Noise, the most ubiquitous pollutant

PW Alberti 
 Professor of Otolaryngology, General Secretary, IFOS, The Toronto Hospital, University of Toronto, Canada

Correspondence Address:
P W Alberti
Professor of Otolaryngology, General Secretary, IFOS, The Toronto Hospital, University of Toronto
Canada




How to cite this article:
Alberti P W. Noise, the most ubiquitous pollutant.Noise Health 1998;1:3-5


How to cite this URL:
Alberti P W. Noise, the most ubiquitous pollutant. Noise Health [serial online] 1998 [cited 2020 Aug 7 ];1:3-5
Available from: http://www.noiseandhealth.org/text.asp?1998/1/1/3/31783


Full Text

"Noise is the most impertinent of all forms of interruption. It is not only an interruption but also a disruption of thought" from Psychological Observations Arthur Schopenhauer.

I congratulate the publishers and editor for founding this journal, the need for which has been evident for some time. Noise is the most ubiquitous global pollutant, which permeates all aspects of life throughout the inhabited world. Its impact upon hearing, communication, learning and well being is enormous and yet the very breadth of its impact means that it is studied by many disciplines, none of which cover the totality of the topic. The result is that information, particularly inter-disciplinary information is difficult to find and sometimes missed. The topic is sufficiently broad that even the usual abstracting services useful though they are, are frequently inadequate.

It has been recognised for centuries that noise damages hearing and at present it is the greatest single cause of preventable sensorineural hearing loss in the world. It is known that prolonged exposure to workplace noise in excess of 85 dBA will produce some hearing loss; it is known that much of the machinery of warfare produces even higher sound levels than are found in industry. It is known that those working with machinery of all types, not just in manufacturing but in construction, agriculture, mining and other resource industries are at risk of hearing loss from noise. It is estimated that in the United States 30 million people are at risk for hearing loss from excessive exposure to noise - this is 11% of the total population. The numbers at risk in Europe are similar. Although noise was considered an issue peculiar to the developed world, this is now recognised to be untrue. The developing world has even greater problems. The United States is now in a post industrial era with a much smaller proportion of its workforce employed in manufacturing than previously, a much smaller proportion than is found in many of the large developing countries. The United States also has a longer life expectancy therefore has a smaller proportion of its population in the workforce. If this thesis is accepted, it is suggested that perhaps 12% or more of the global population is at risk for hearing loss from noise i.e. well over 600 million people.

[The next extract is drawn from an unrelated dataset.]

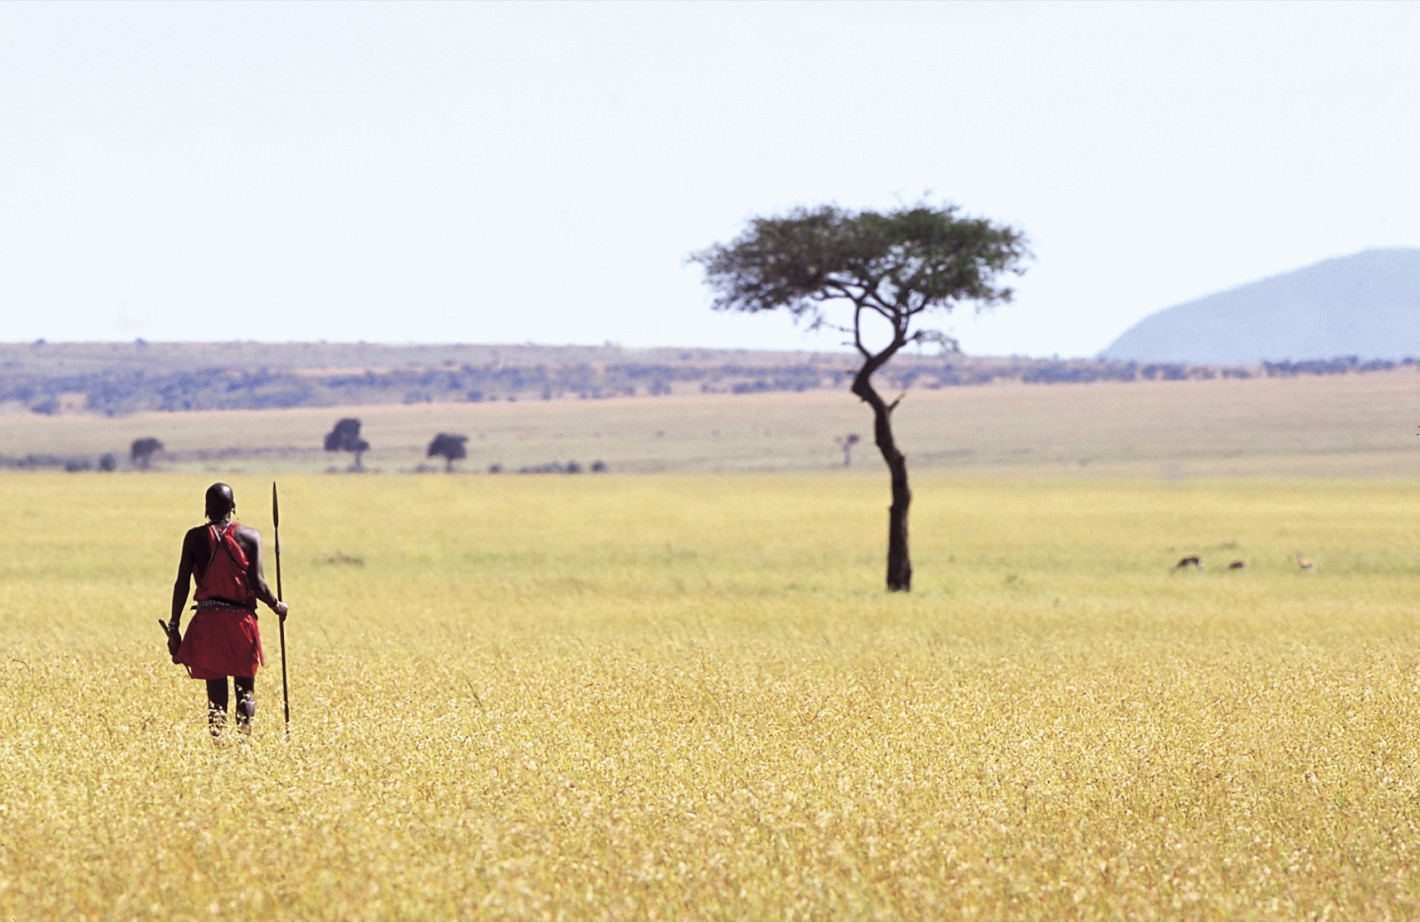 Maasai warrior walking in a field

There are by now many reports of high noise levels and hearing loss produced by industrial exposure in developing countries, from mines in Africa and India, from textile plants in Asia, automobile assembly plants, the list is ever increasing. There is however need for considerable education of workers and management about the harmful aspects of noise and the benefit of reducing it. The gradual replacement of antiquated and noisy machinery by quieter and more efficient devices increases productivity both because of the greater effectiveness of the machinery and better working conditions. Even where workers know that noise produces hearing loss, they are reluctant to complain, as they were in the West 60 years ago, for fear of losing a job and because they are unaware that anything can be done. There is need for regional and national epidemiological studies to determine the magnitude of the problem and to educate employers, employees and politicians about the nature of the problem and then educate them about what action is required. Gradually countries, even poor ones, such as Kenya, are passing laws about noise control and limits to exposure. If Kenya can so can other countries. I chose the example of Kenya because poor as it is, through the dedicated efforts of 1 or 2 professionals led by Dr Manu D'Cruz sustained political effort has led to great change and this shows the direction of how change can begin. Sustained efforts by professionals can provide results!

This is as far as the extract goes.